Not necessarily. If you have someone that loves their job and does it
extremely well, you still need to pay that person so that person can pay
his/her bills and stay there. Otherwise, that person will leave for a job that
he/she likes less and is not as good at, just to be able to pay the bills.

I know several people that LOVE their jobs, but they have a family to support.
If those jobs didn't pay, they wouldn't be working there because loving a job
doesn't put food on the table.

------
allenp
Sorry you're feeling discontent. I've written some advice on this in the past
and am linking to it here:

[https://news.ycombinator.com/item?id=1843266](https://news.ycombinator.com/item?id=1843266)
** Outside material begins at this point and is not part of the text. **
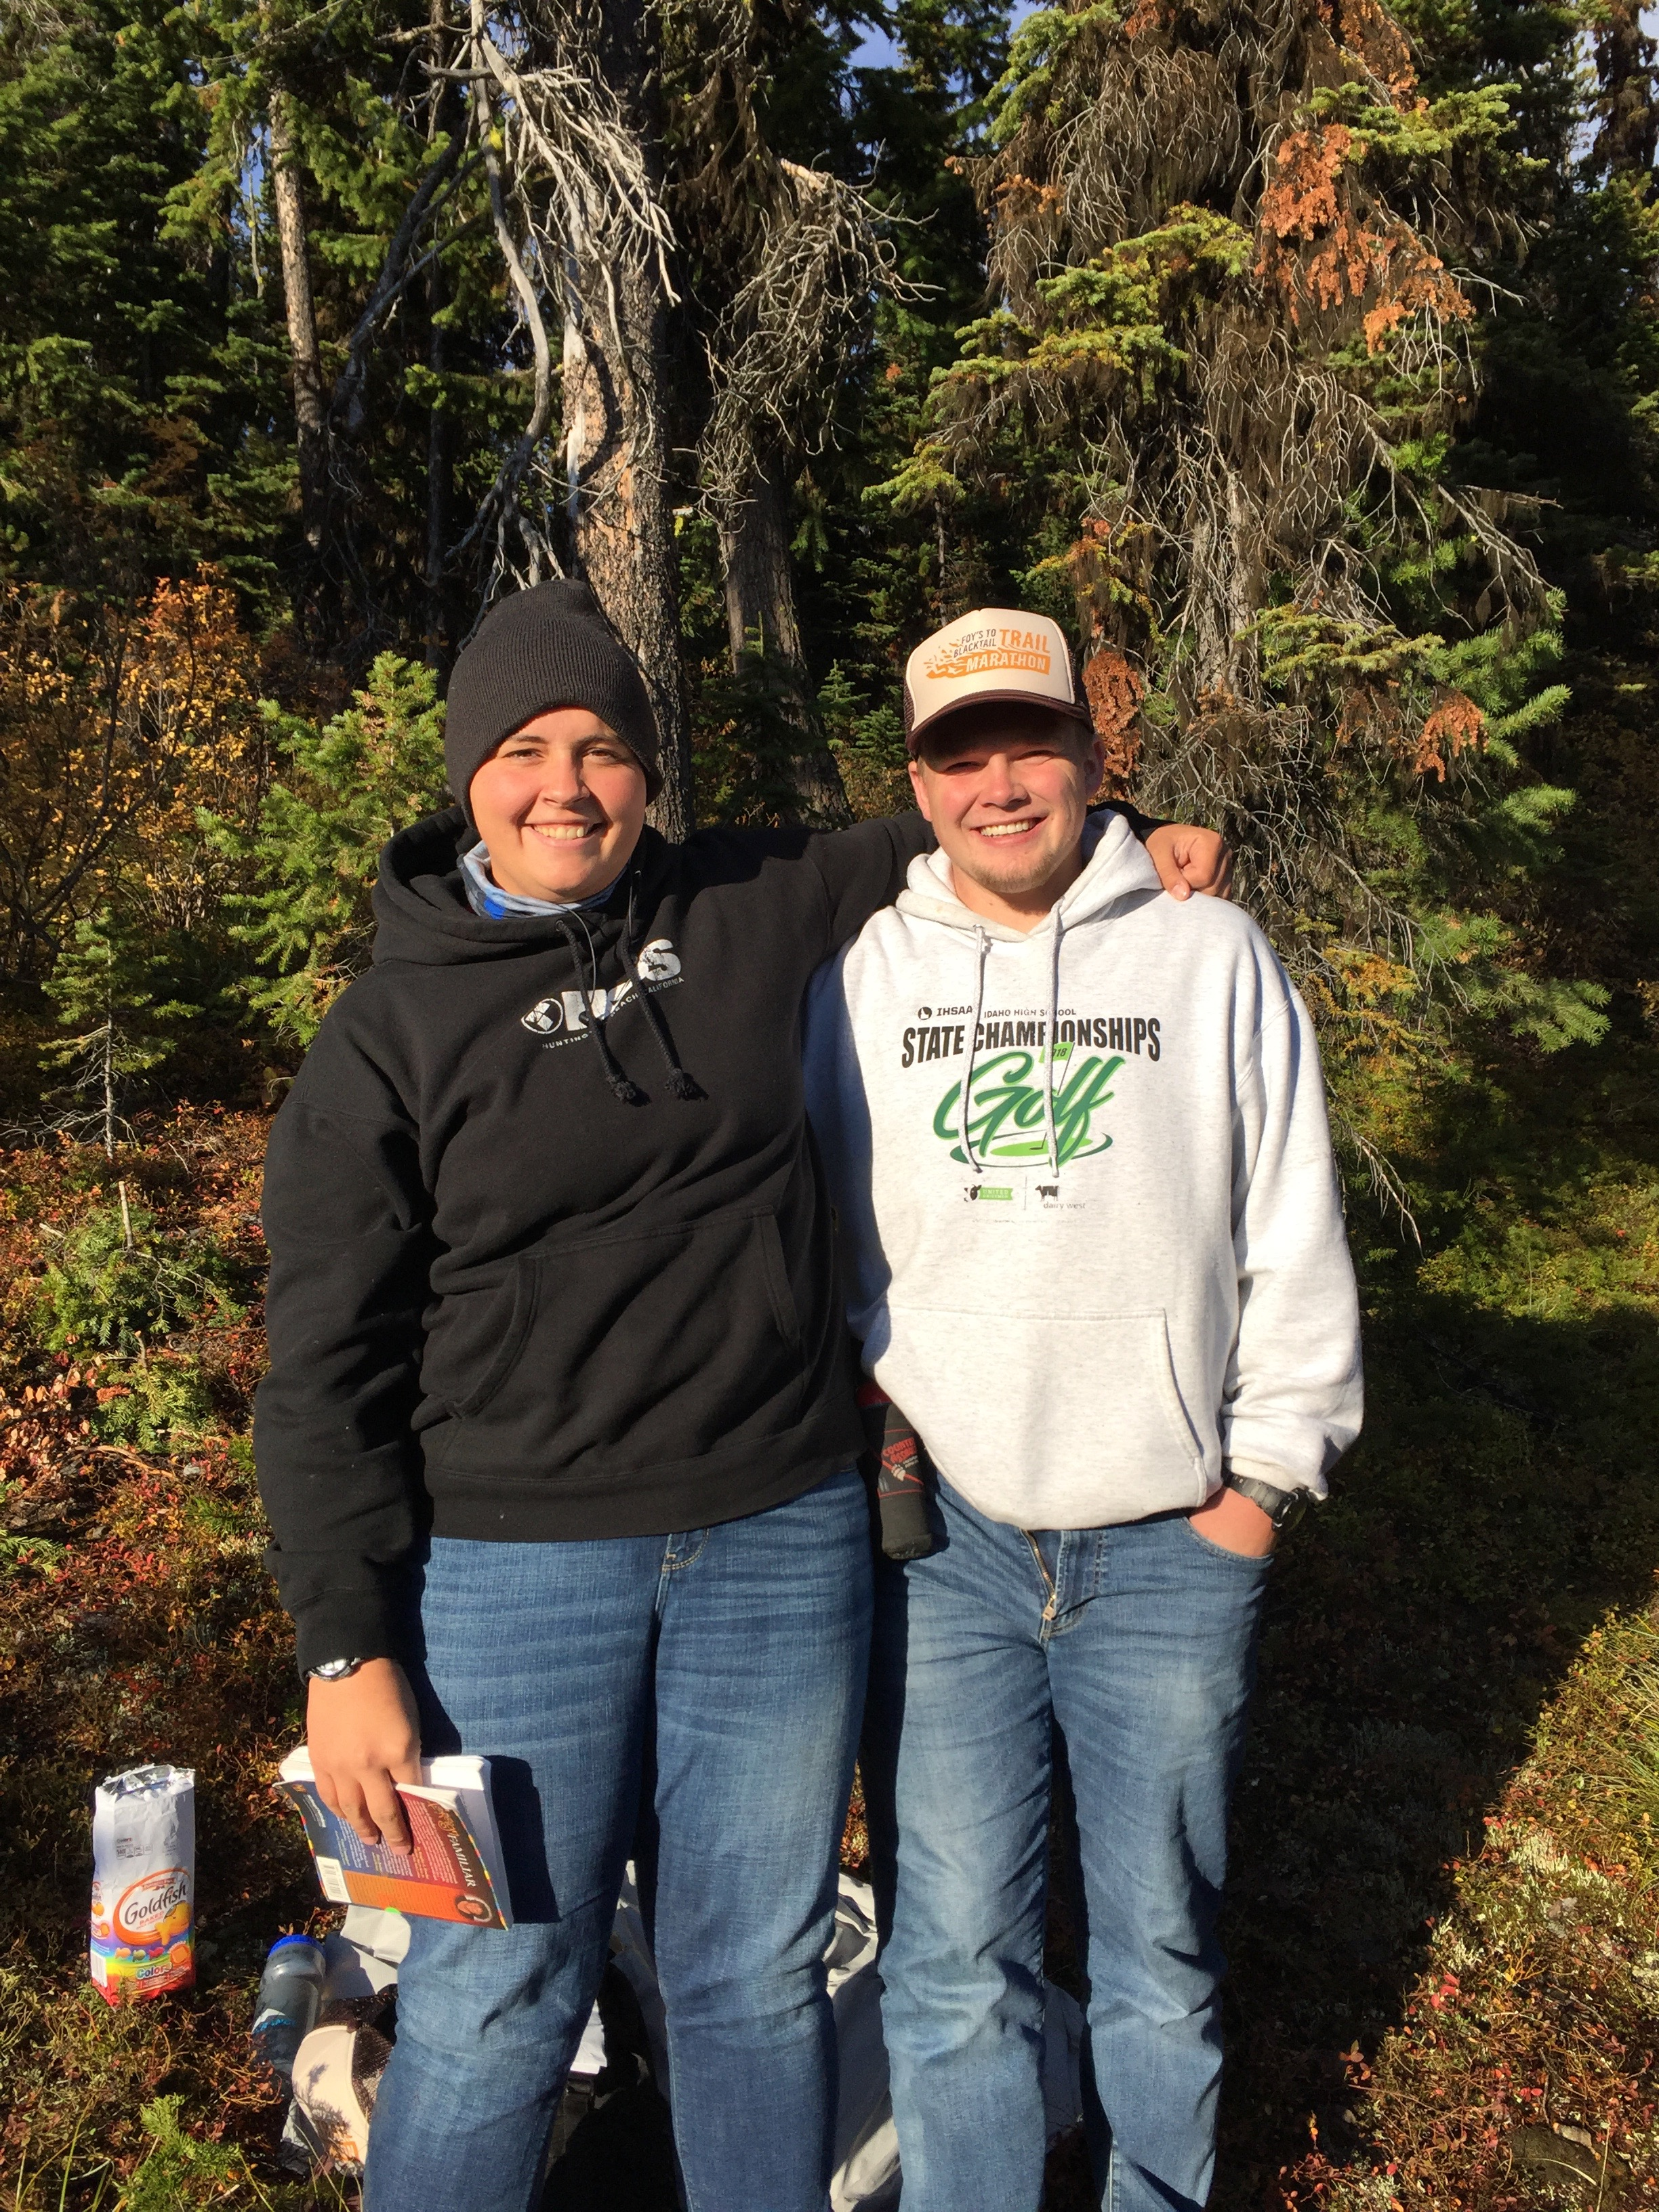 foys to blacktail trails trail marathon ftbtIMG_1054.JPG

No matter where you go and what you end up doing, businesses ebb and flow and
your interests and motivations will also change and you will find yourself
here again.

The key is for you to build an internal toolset (mental, emotional) to assess
and proactively work towards your goals.

You mentioned that you would rather be outside, meeting people and creating
things - there are absolutely jobs that incorporate both software and these
other aspects - think of things like greenhouse automation (outside) or
positions writing software for coffee shops or ?? There is an entire world of
software.

Good luck!

------
k0t0n0
I'm 21 right now and i felt that same thing 6 months ago. Then i left my job.
i still think i mad a great decision.

Stop killing your self and follow your <3\. (this line is bull shit)

based on my experience

pro: happy as fuck life. 0% depressed life. no shit from boss. you can code
only when you want. infinity amount of time to do new things. you can work on
startups, cool. you can freelance. (i only do freelance now)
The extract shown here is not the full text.